If it took 20 seconds or so to reboot, like my stand-alone receiver, I'd live with it. But this Tivo unit takes around 5 minutes - which is particularly annoying when you're watching a gripping foreign sporting event which I've shelled out extra $$ to watch on PPV!

Is this a "normal" feature of the system? If so, is there a way I can move this operation to sometime like 4 or 5 am, when I'm not likely to be watching it? If not normal, is there anything wrong I should fix?

Thanks


----------



## litzdog911 (Jun 23, 2004)

No, it's not normal. But there have been reports lately of many reboot problems with DirecTV/Tivo DVRs, perhaps related to some recent problems with the Guide Data stream. But your problem sounds even worse. Typical causes include ...

* Overheating. Check the Tivo's internal temp under "Messages & Setting" -> "System Information". It should be under 50-deg C.

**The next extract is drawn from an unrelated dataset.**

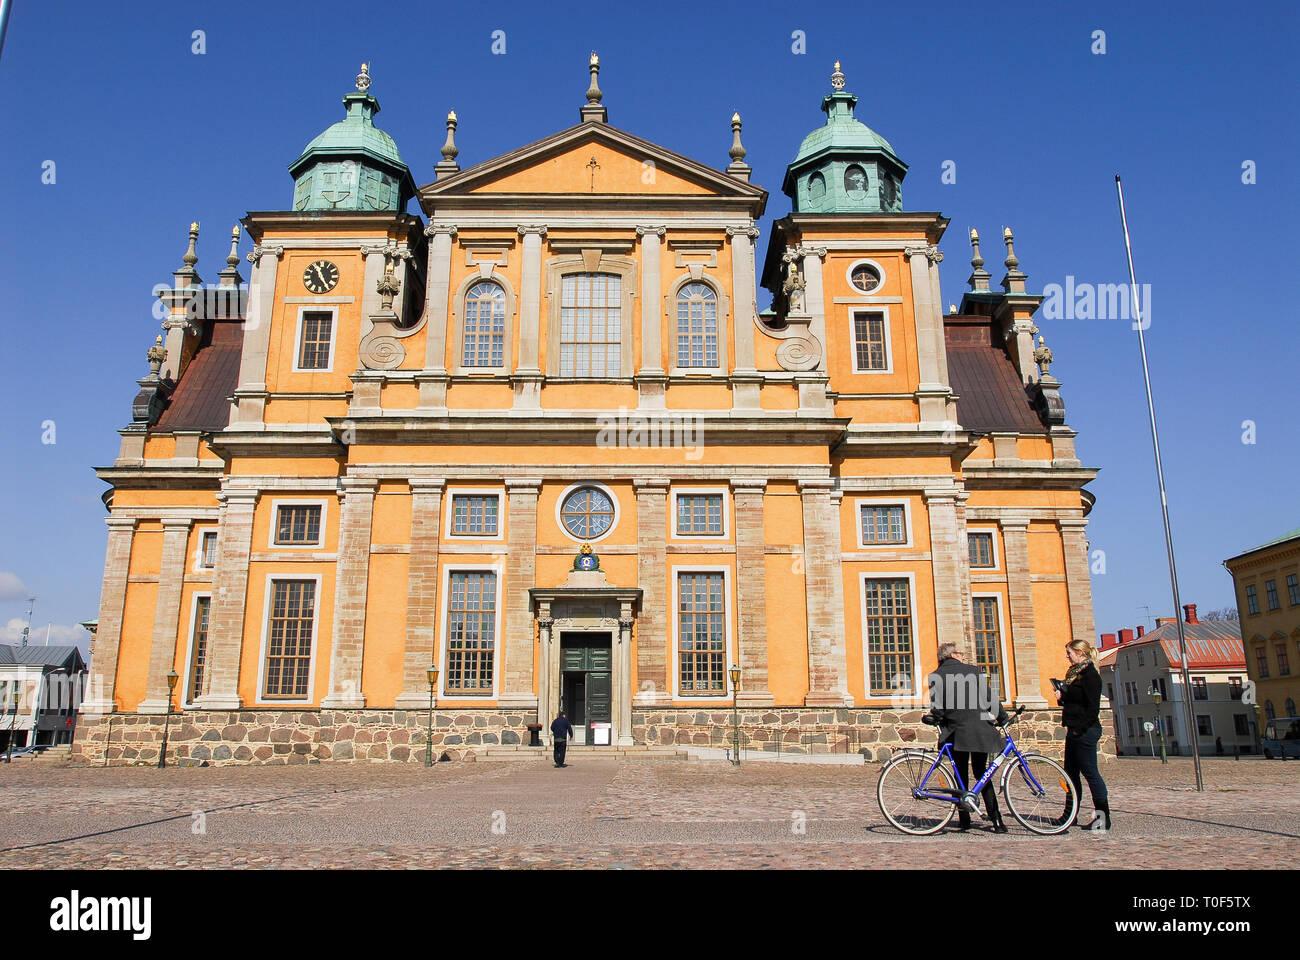 Baroque Kalmar domkyrka (Kalmar Cathedral) built 1660 to 1700 designed by Nicodemus Tessin the Elder on Stortorget in Kalmar, Kalmar County, Sweden. A - Stock Image

* AC power glitches. Your DVR should be powered by a UPS, not just a surge protector.

* Loose access card. When the DVR is powered down, re-insert the access card.

* Dying hard drive.


----------



## larry976 (Jan 2, 2007)

I have two TIVO DVRS and both have reboot a few times the past week. Prior to this week, no recent reboots that I know off. Also, no apparent software upgrades after the reboot. Last night it happened at 2:30.



rwmair said:


> I was offered a RCA DVR-39 Tivo Box on loan from friend,
> and given what I'd read about the current DirecTV DVR's, I went with this option over the recent "free" R15 offer from DirecTV.
> 
> All seems fine, except that the DVR seems to like rebooting automatically when I'm watching TV late at night. Being a nightowl, I'm sometimes still watching after 1am, and three or four times in the last two weeks, its just auto-booted for no particular reason. (No idea if its also rebooting during the day while I'm at work!)
> ...


----------



## Wolffpack (Jul 29, 2003)

Check what litzdog says and if those don't fix the problem try a Clear and Delete Everything. You will loose recordings but it will also reset stuff from the previous owner and might just get it working for you.


----------



## rwmair (Nov 16, 2006)

litzdog911 said:


> No, it's not normal. But there have been reports lately of many reboot problems with DirecTV/Tivo DVRs, perhaps related to some recent problems with the Guide Data stream. But your problem sounds even worse. Typical causes include ...
> 
> * Overheating. Check the Tivo's internal temp under "Messages & Setting" -> "System Information". It should be under 50-deg C.
> 
> ...


It does look like the TV has a power glitch when the Tivo goes down - but nothing else in the house is affected when it happens - no lights, other appliances, etc.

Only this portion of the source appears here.